One of the steps in the Atlas dataset production chain is homogenisation, i.e. ensuring consistency between data from different origin datasets. This homogenisation is implemented in the User-tools for the C3S Atlas, specifically the c3s_atlas.fixers.apply_fixers function. The following changes are applied:

  • The names of the spatial coordinates are standardised to [lon, lat].

  • Longitude is converted from [0...360] to [-180...180] format.

  • The time coordinate is standardised to the CF standard calendar.

  • Variable units are standardised (e.g. °C for temperature).

  • Variables are resampled / aggregated to the required temporal resolution.

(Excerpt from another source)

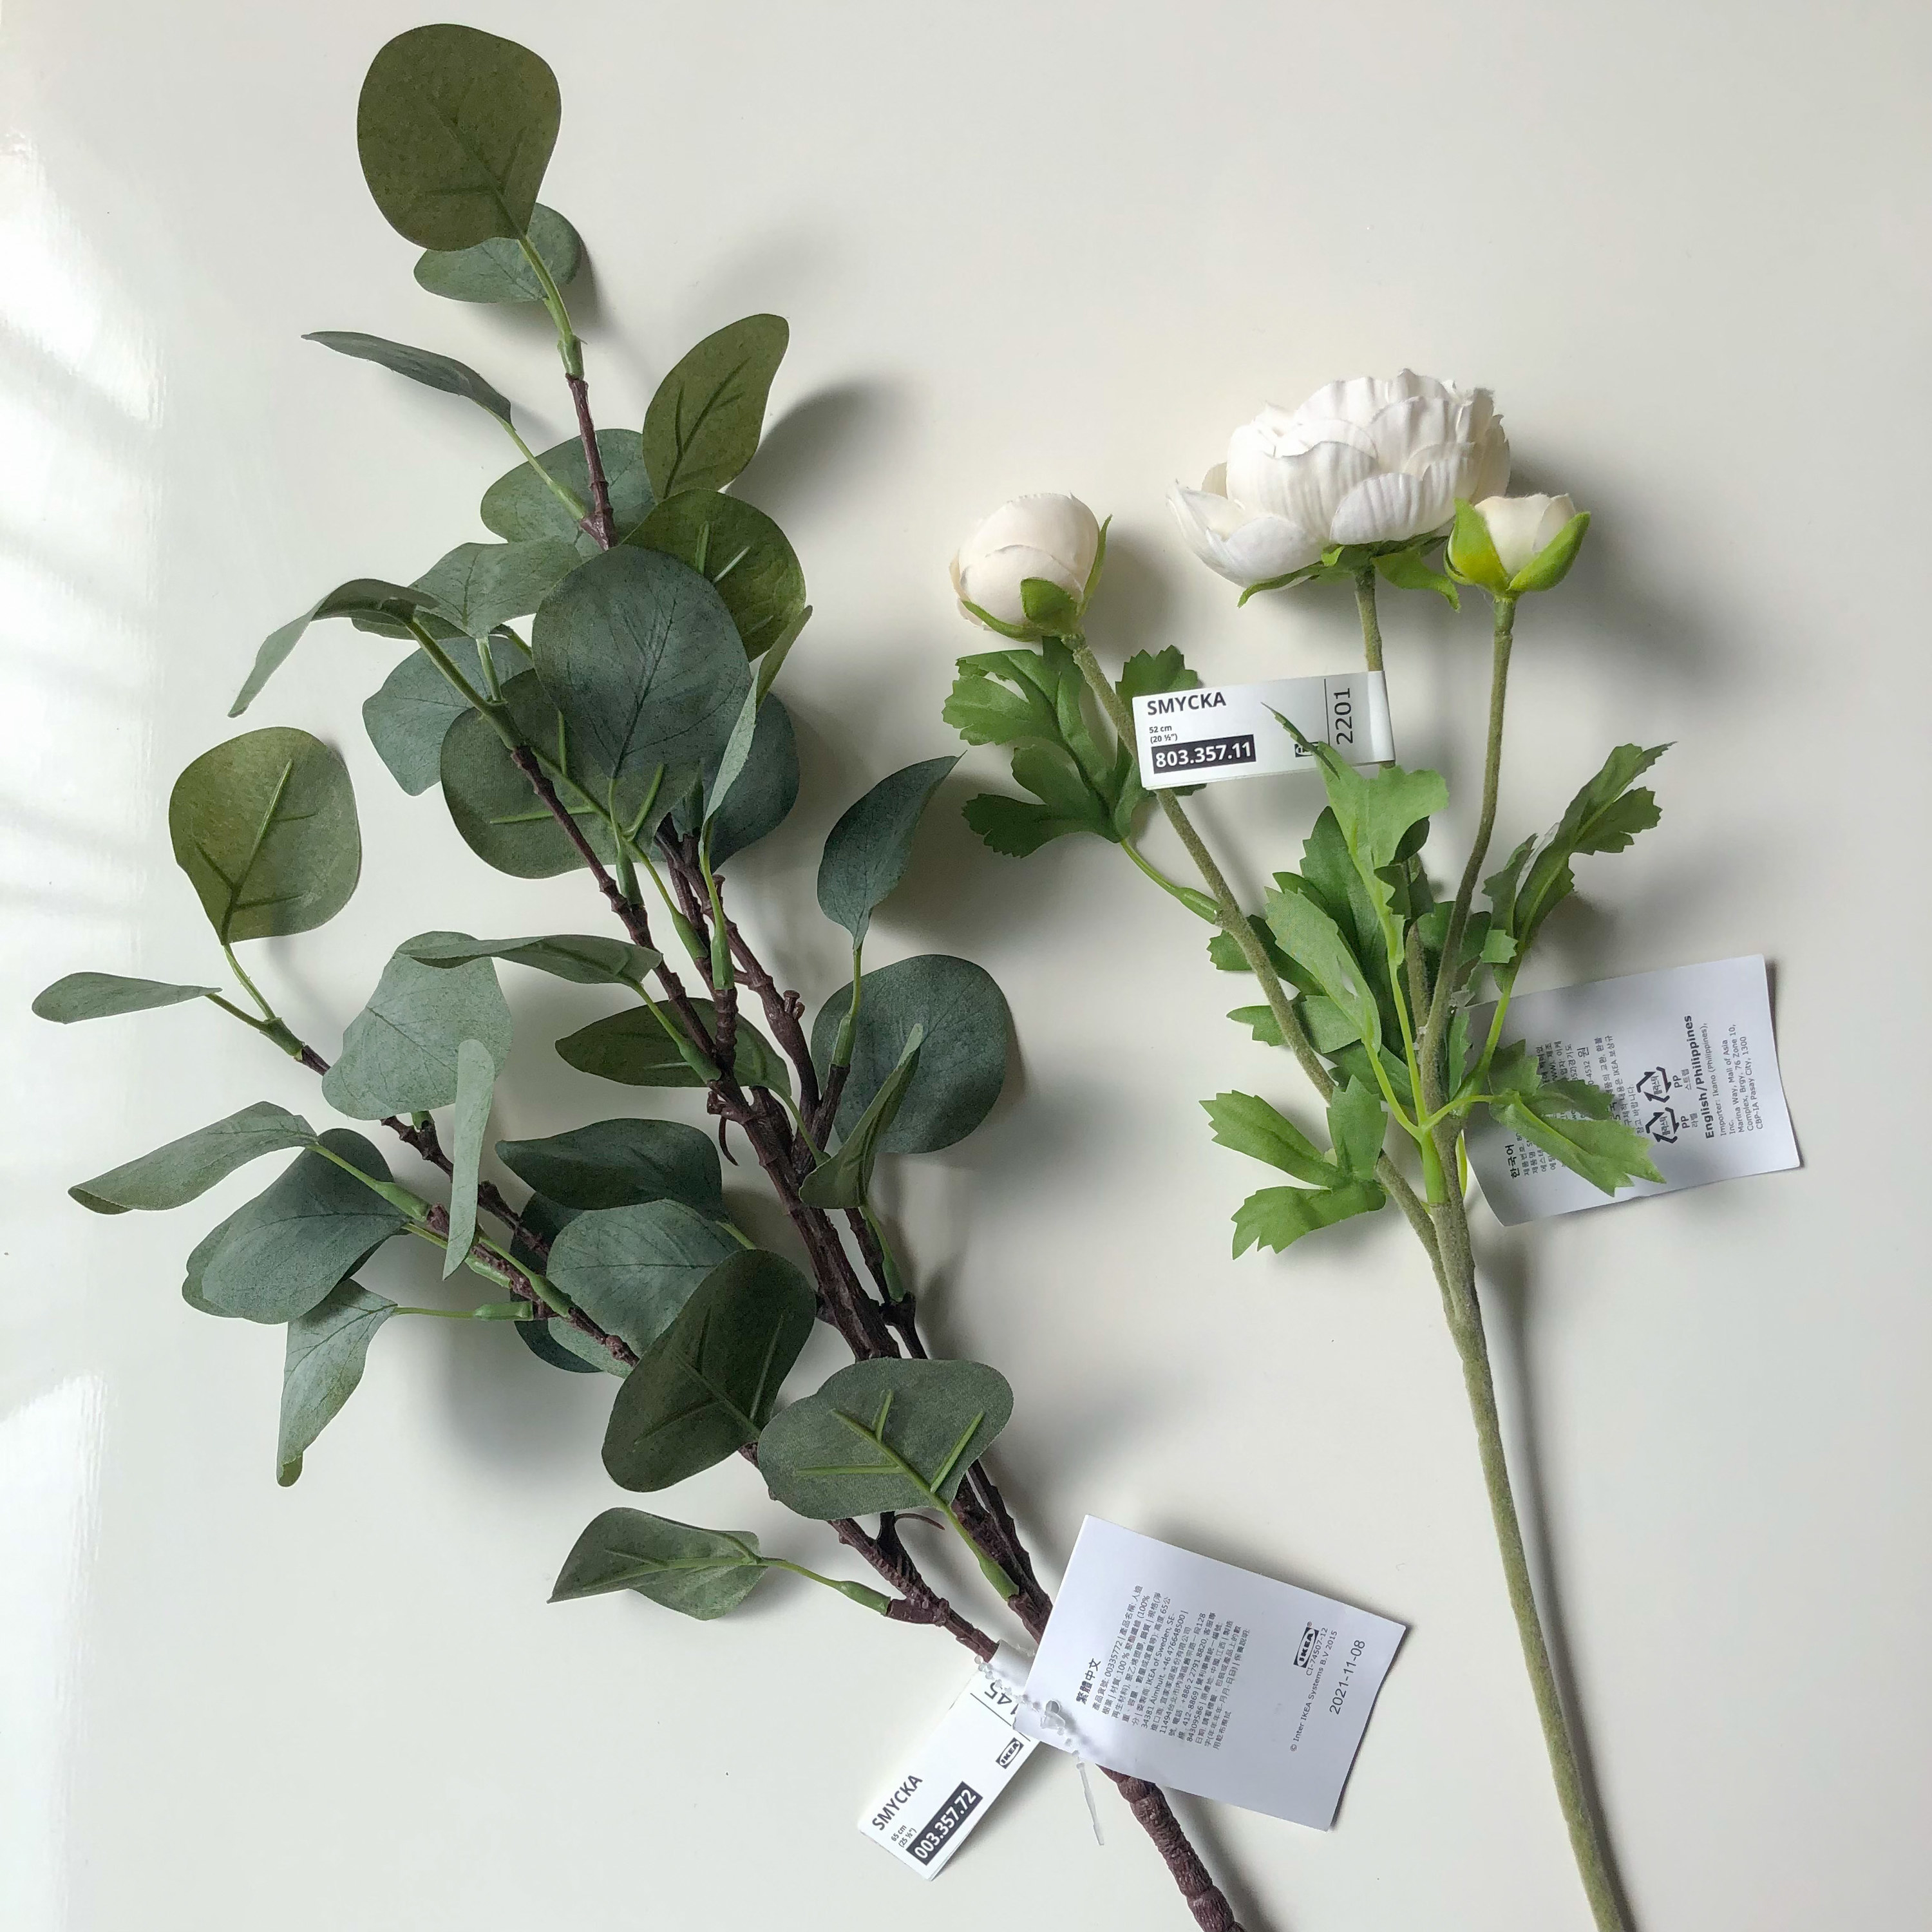 IKEAの高見えインテリア「フェイクリーフ  ユーカリ / グリーン」「造花 ラナンキュラス / ホワイト」

The homogenisation is applied in the following code cells, separately for the daily and monthly data. More details can be found in the case study for tx35.

Hide code cell source

data_cmip6_daily_homogenised = homogenise_multiple_variables(data_cmip6_daily, VARIABLES_DAILY, ORIGIN_ID)

Hide code cell source

data_cmip6_monthly_homogenised = homogenise_multiple_variables(data_cmip6_monthly, VARIABLES_MONTHLY, ORIGIN_ID)

Calculate indicators#

The climate indicators are calculated using xclim. The functions defined above perform the calculations.

Hide code cell source

indicators_cmip6_monthly = calculate_indicators_monthly(data_cmip6_daily_homogenised, data_cmip6_monthly_homogenised)
indicators_cmip6_monthly

# Annual indicators temporarily disabled due to issues with CF metadata
# indicators_cmip6_annual = calculate_indicators_annual(data_cmip6_daily_homogenised)
# indicators_cmip6_annual
<xarray.Dataset> Size: 90MB
Dimensions:  (lat: 192, lon: 288, time: 12)
Coordinates:
  * lat      (lat) float64 2kB -90.0 -89.06 -88.12 -87.17 ... 88.12 89.06 90.0
  * lon      (lon) float64 2kB -178.8 -177.5 -176.2 -175.0 ... 177.5 178.8 180.0
    height   float64 8B 2.0
  * time     (time) datetime64[ns] 96B 2080-01-01 2080-02-01 ... 2080-12-01
Data variables: (12/25)
    t        (time, lat, lon) float32 3MB dask.array<chunksize=(1, 192, 288), meta=np.ndarray>
    tn       (time, lat, lon) float32 3MB dask.array<chunksize=(1, 192, 288), meta=np.ndarray>
    tx       (time, lat, lon) float32 3MB dask.array<chunksize=(1, 192, 288), meta=np.ndarray>
    dtr      (time, lat, lon) float32 3MB dask.array<chunksize=(1, 192, 288), meta=np.ndarray>
    tnn      (time, lat, lon) float32 3MB dask.array<chunksize=(1, 192, 288), meta=np.ndarray>
    txx      (time, lat, lon) float32 3MB dask.array<chunksize=(1, 192, 288), meta=np.ndarray>
    ...       ...
    evspsbl  (time, lat, lon) float32 3MB dask.array<chunksize=(1, 192, 288), meta=np.ndarray>
    psl      (time, lat, lon) float32 3MB dask.array<chunksize=(1, 192, 288), meta=np.ndarray>
    sfcwind  (time, lat, lon) float32 3MB dask.array<chunksize=(1, 192, 288), meta=np.ndarray>
    clt      (time, lat, lon) float32 3MB dask.array<chunksize=(1, 192, 288), meta=np.ndarray>
    rsds     (time, lat, lon) float32 3MB dask.array<chunksize=(1, 192, 288), meta=np.ndarray>
    rlds     (time, lat, lon) float32 3MB dask.array<chunksize=(1, 192, 288), meta=np.ndarray>

Interpolate to a common and regular grid#

Note

This notebook uses xESMF for regridding data. xESMF is most easily installed using mamba/conda as explained in its documentation. Users who cannot or do not wish to use mamba/conda can manually compile and install ESMF on their machines. In future, this notebook will use earthkit-regrid instead, once it reaches suitable maturity.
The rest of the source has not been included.